FDA Abandons ESA Target Range, Lowers Dosing Recommendations

The U.S. Food and Drug Administration (FDA) recently recommended more conservative dosing guidelines for erythropoiesis-stimulating agents (ESAs) used to treat anemia in patients with chronic kidney disease (CKD), for both patients receiving dialysis and those not receiving dialysis. Before the FDA’s announcement on June 24, 2011, product labels for ESAs recommended dosing to achieve and maintain hemoglobin levels within the target range of 10–12 g/dL in patients with CKD.

The modified guidelines remove the concept of a target hemoglobin range and instead now recommend that “Physicians and their patients with chronic kidney disease should weigh the possible benefits of using ESAs to decrease the need for red blood cell transfusions against the increased risks for serious adverse cardiovascular events.
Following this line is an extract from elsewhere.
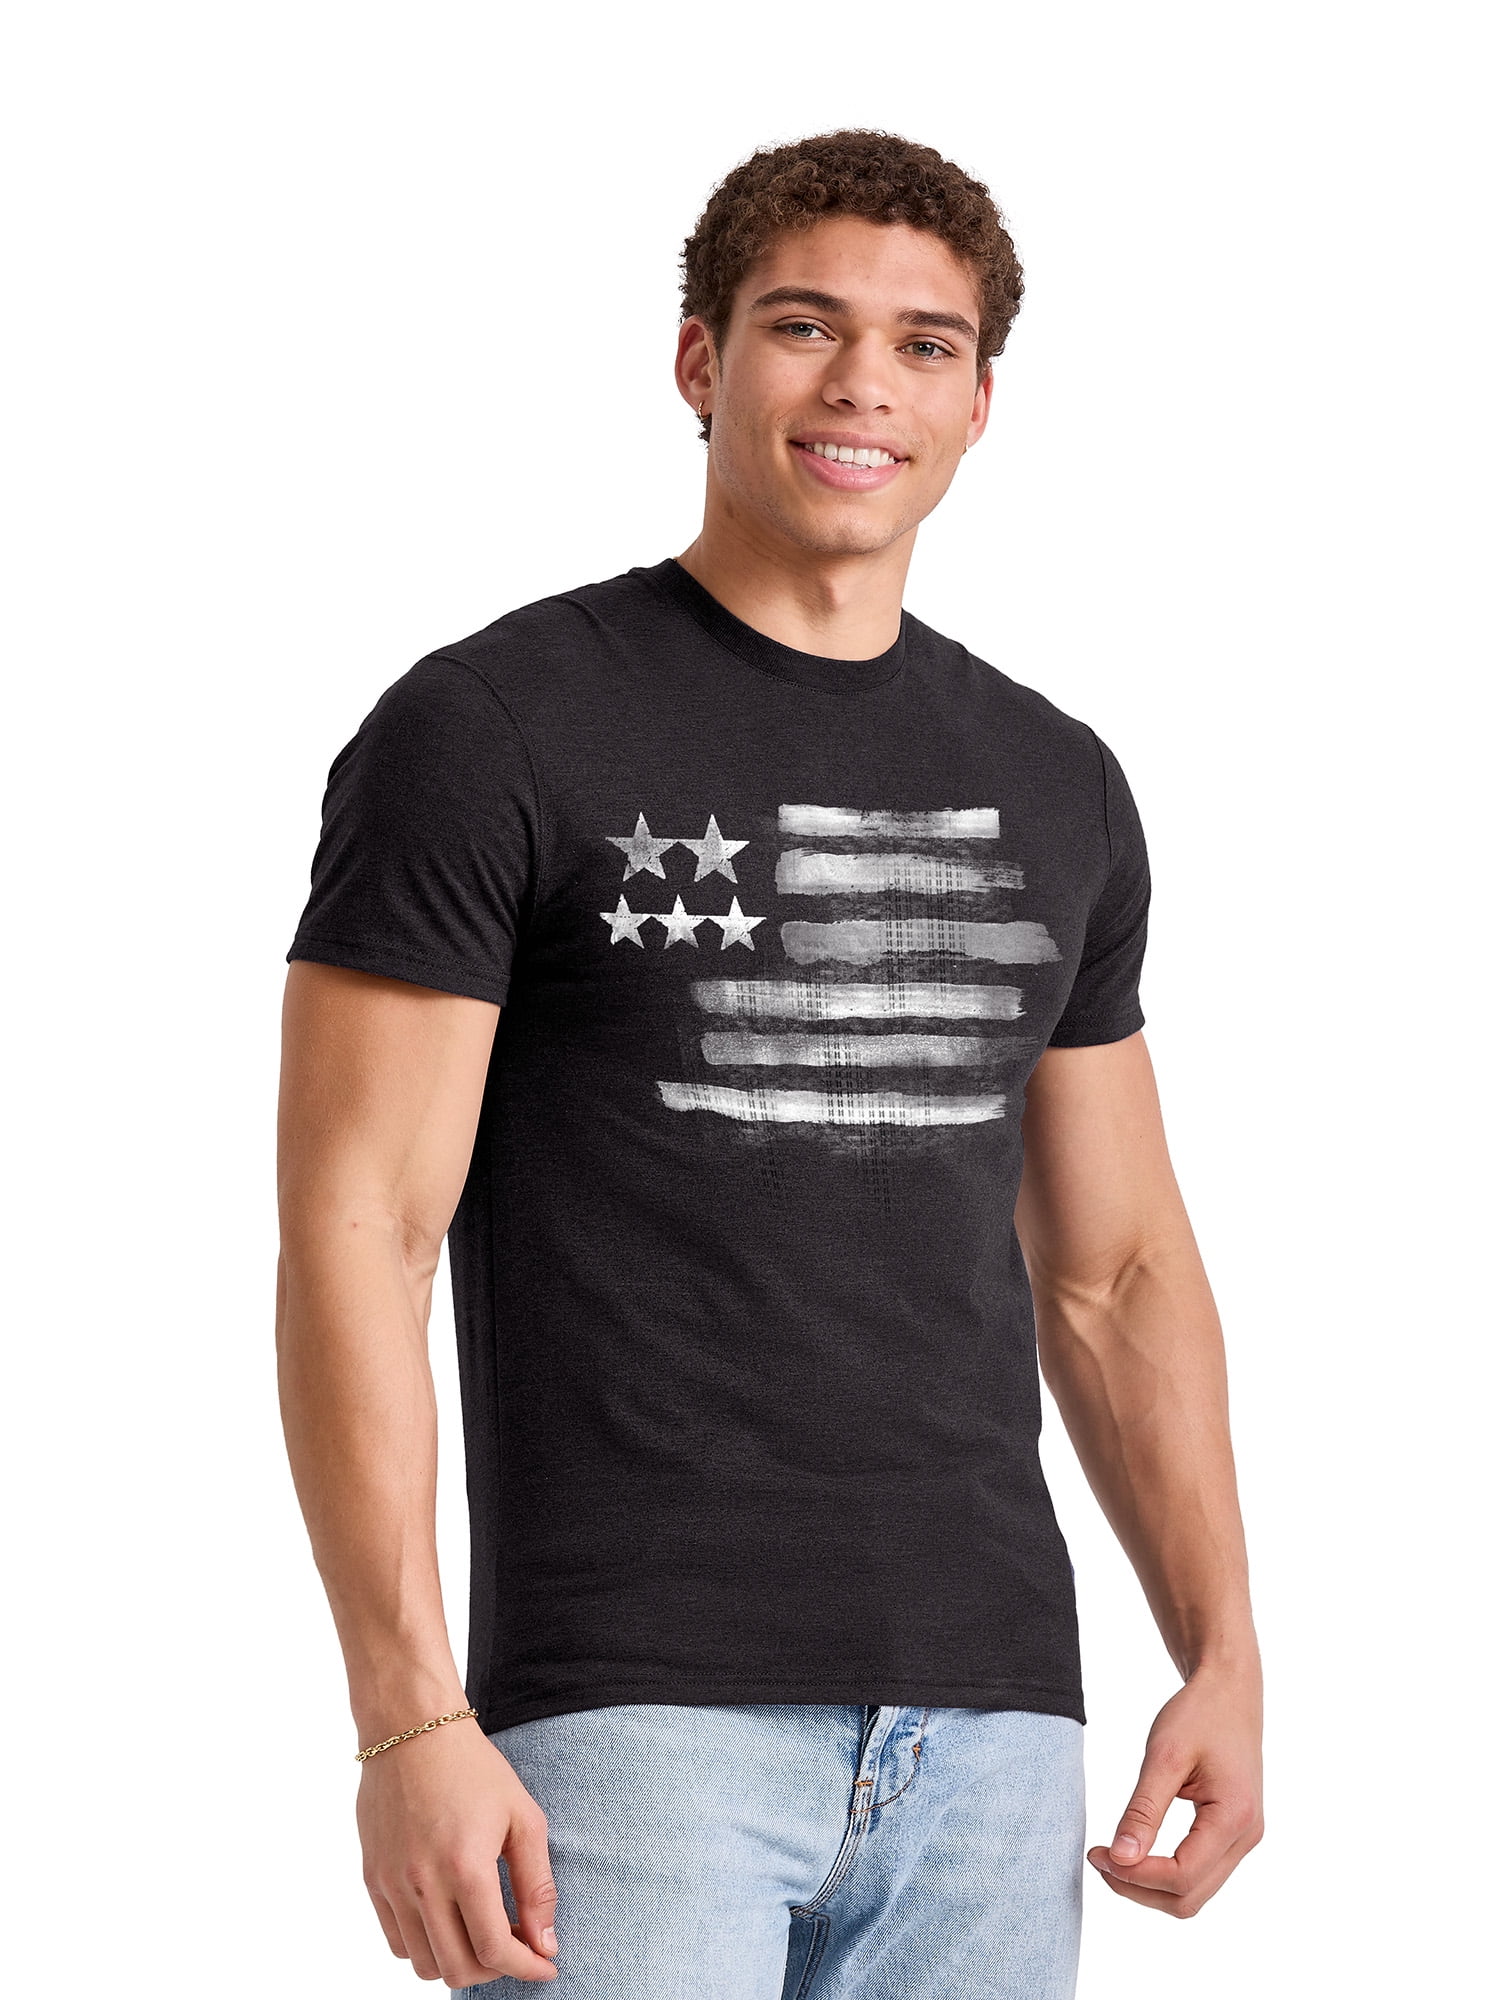 Men's Lightweight Graphic T-shirt - Collection - Walmart.com

For each patient, individualize dosing and use the lowest dose of ESA sufficient to reduce the need for transfusion.”

For patients with the anemia of CKD who are not receiving dialysis, the FDA now recommends that physicians consider starting ESA treatment only when the hemoglobin level is less than 10 g/dL and when certain other considerations apply, and that if the hemoglobin level exceeds 10 g/dL, the dosage of ESA should be reduced or interrupted.

The FDA also now recommends that for patients with the anemia of CKD who are receiving dialysis, physicians begin ESA treatment when the hemoglobin level is less than 10 g/dL. If the hemoglobin level approaches or exceeds 11 g/dL, the dosage of ESA should be reduced or interrupted.
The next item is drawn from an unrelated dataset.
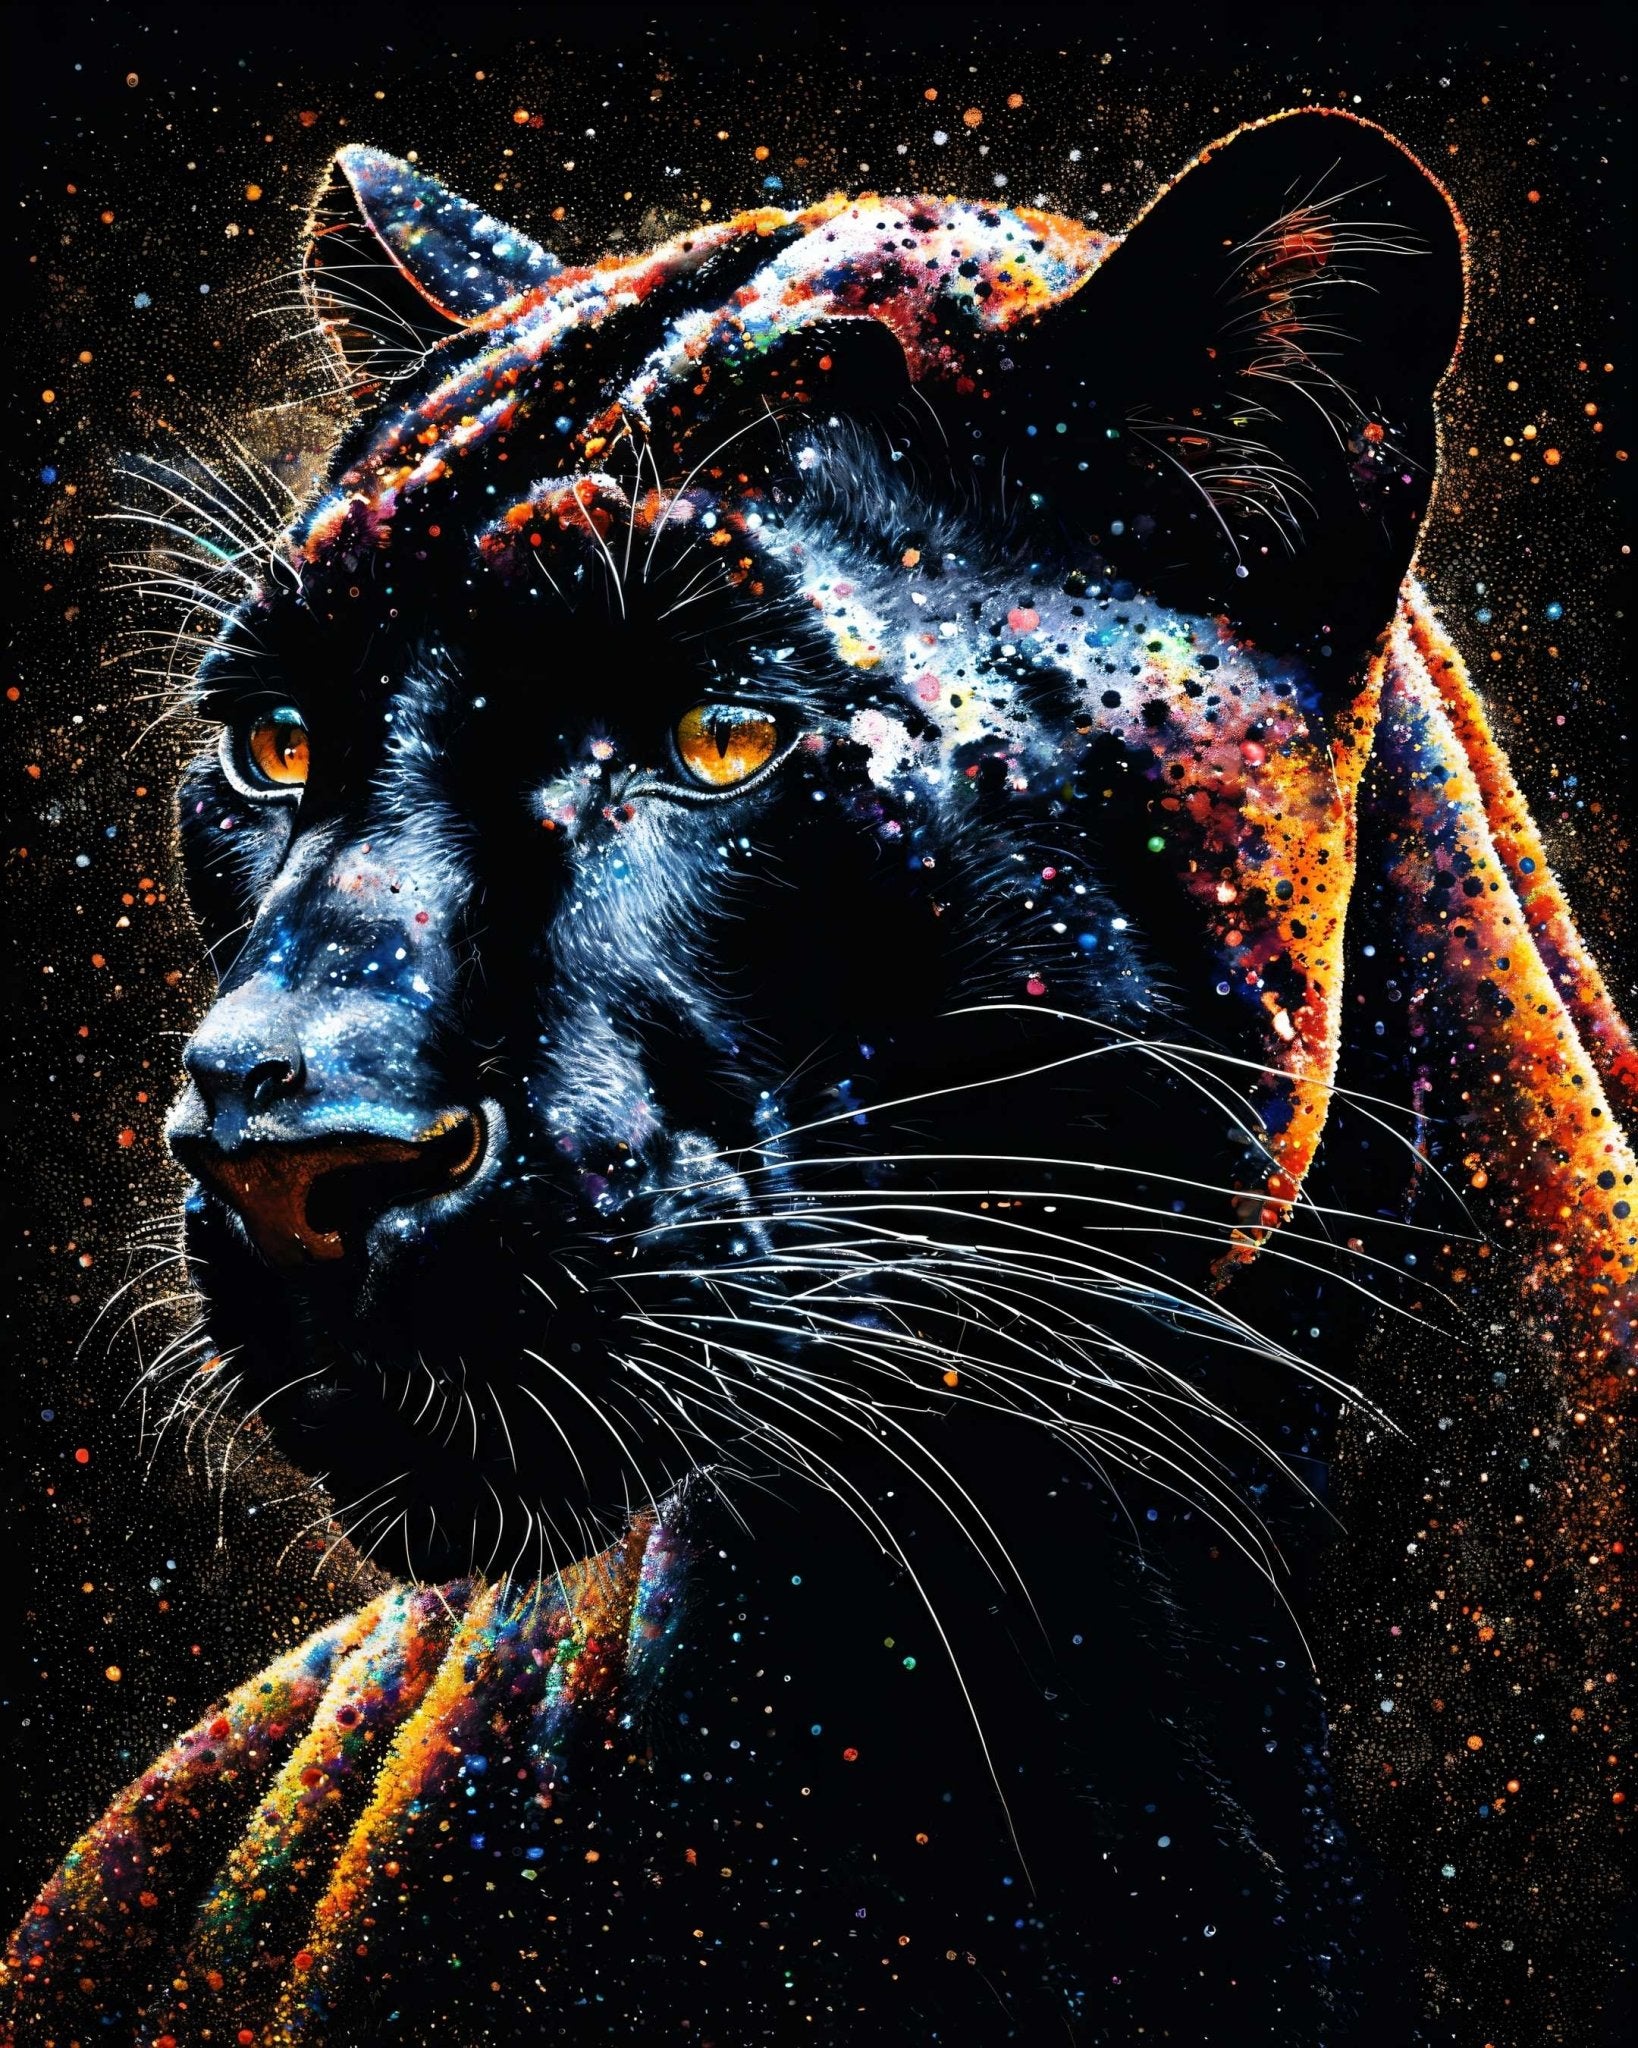 Spiritual animal - Poster - Ever colorful

“Health care practitioners should carefully consider when to begin treatment with an ESA and actively monitor dosing in patients with chronic kidney disease, keeping in mind the increased risk for serious cardiovascular events, and should talk to their patients about these potential risks,” said John Jenkins, MD, director of the office of new drugs in the FDA’s Center for Drug Evaluation and Research. “The goal is to individualize therapy and use the lowest ESA dose possible to reduce the need for red blood cell transfusions.”

The FDA cited data from clinical trials, including TREAT (Trial to Reduce Cardiovascular Events with Aranesp Therapy), as the basis for guideline changes, stating that “TREAT showed using ESAs to target a hemoglobin level of greater than 11 g/dL increased the risk of serious adverse cardiovascular events, such as heart attack and stroke, and provided no additional benefit to patients.” The use of ESAs to treat anemia in patients with CKD was most recently discussed at the Cardiovascular and Renal Drugs Advisory Committee meeting in October 2010. ASN public policy board member Wolfgang Winkelmayer, MD, ScD, FASN, presented testimony on behalf of the society at that meeting.

Besides changing the labels and recommendations for ESAs, the FDA is also requiring Amgen, the manufacturer of Epogen, to conduct at least two new clinical trials of its product. One trial should identify the optimal ESA dosage and schedule strategy in patients with CKD who are receiving dialysis, and the other should determine whether a fixed dosage strategy different from what the currently approved label recommends can further reduce exposure to ESA while preserving the benefit of reducing transfusion use in patients with CKD who are not receiving dialysis.

“Though the long-term effects of the new FDA recommendations are as of yet unclear, I see some potential pros and cons,” said ASN public policy board chair Thomas Hostetter, MD. “I think it’s heartening that the FDA has so emphasized individualizing patient care. Yet, as always, we remain deeply concerned about protecting patients’ access to ESAs in order avoid blood transfusions and maintain a high quality of life.”